Over the past five years the number of children self-placing has remained unacceptably high, from 694 in March 2020, to 871 in March last year.
Shockingly the former Labor Government never asked for an audit or census of where these vulnerable children were.
The Crisafulli Government has requested a review of contracting processes that result in an over reliance on for-profit, unlicenced providers in the residential care sector.
Unlicenced and for-profit providers have thrived in a billion-dollar industry with little to no checks and balances on their service delivery over the past decade.
Unlicenced Residential Care providers received $474.3M of funding from the State Government last financial year.
There are currently 110 unlicenced providers, compared to 36 licenced providers.
Of the 102 for-profit providers in the residential care sector, only 11 are licenced.
The growth of these unlicenced providers exploded under the former government who:
- Are not required to have a Human Services Quality Framework certificate, which sets standards based on governance and management, service access, responding to individual need, safety, wellbeing and rights.
- Are not subject to legislative suitability requirements, other than holding a blue card.
- There is no other documented process for reviewing the organisation's performance.
Licenced providers are held to strict conditions bound within the Child Protection Act and are regularly monitored by the Department and are mostly not-for-profit organisations operating in an outsourced service delivery model.
It is this Government's intention to reign in the billion-dollar industry, by moving contracts to an outsourced delivery model and in doing so push the sector to becoming licenced providers.
The Commission has today begun the important work of unpacking the disarray and neglect the system has been left in over the past decade following the Carmody Inquiry.
At the onset the Government made it clear that reform and election commitments would continue into the broken system during the 17-month long Inquiry and these two steps begin that work.
Minister for Child Safety Amanda Camm said the Crisafulli Government was acting to ensure the safety of vulnerable children.
"Allowing one vulnerable child to self-place in Queensland is unacceptable to me, let alone 780 young people, that's why I have ordered a full audit of the kids in care who are self-placing, to understand how the current system can be improved," Minister Camm said.
"It is vital we have an understanding of how we can better support these vulnerable children to get their lives back on track and if they have a youth justice crossover – ensure we are doing all we can to better protect the community.
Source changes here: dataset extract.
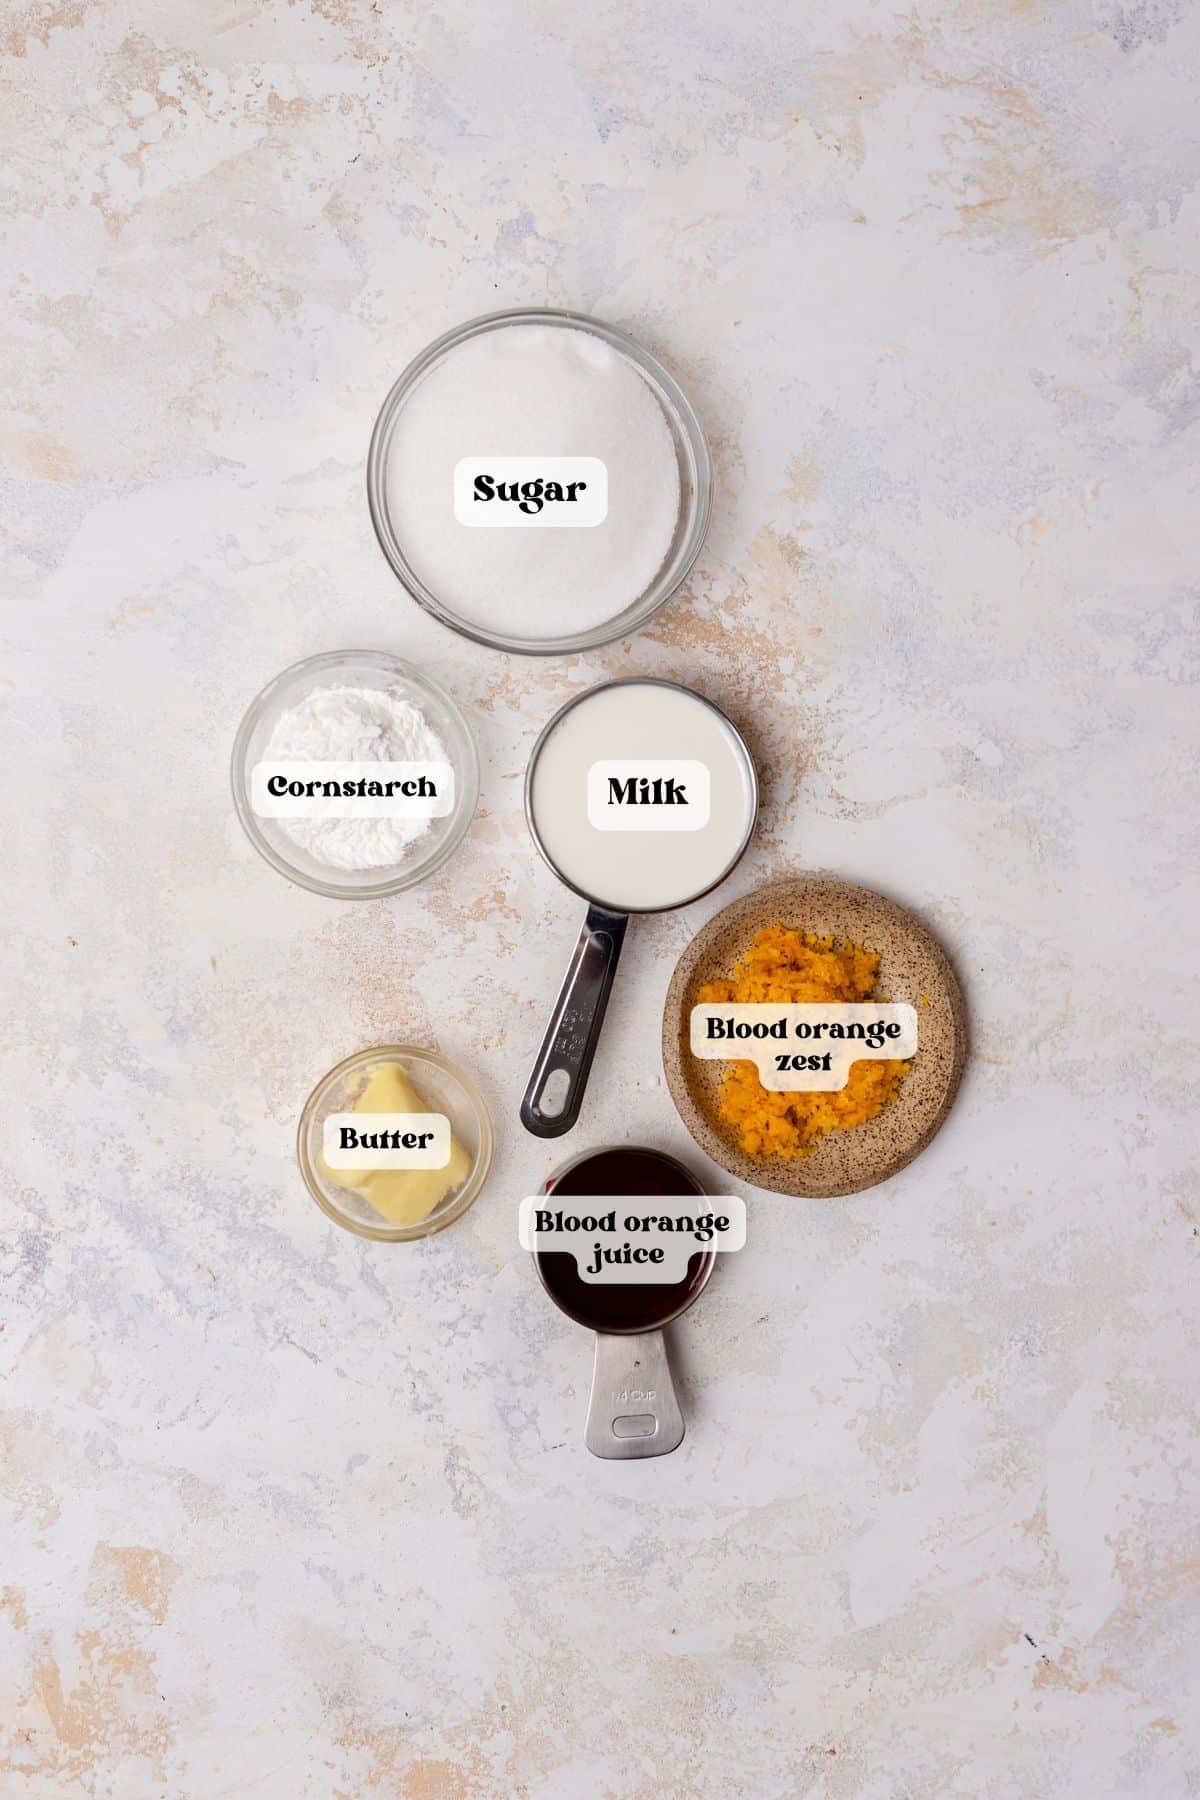 Ingredients to make blood orange curd on a white surface.

"The fact the Government had nearly no oversight of unlicenced providers, or recourse to ensure they are delivering positive outcomes for vulnerable children is a clear system failure.
"The residential care sector is a billion-dollar industry built on the back of vulnerable children with taxpayers' money, it is critical there is oversight and these organisations know that if they do not perform the Government will act.
"It is critical we take the necessary steps to fix issues when they are uncovered to ensure children are being adequately taken care of.
"There are some extraordinary people who work in the child safety sector, who go above and beyond for vulnerable children and I'm certain they want what's best for them.
"This Commission of Inquiry is about accountability, both ministerial and departmental, we need to understand how these system failures happened, so we can ensure they do not happen again."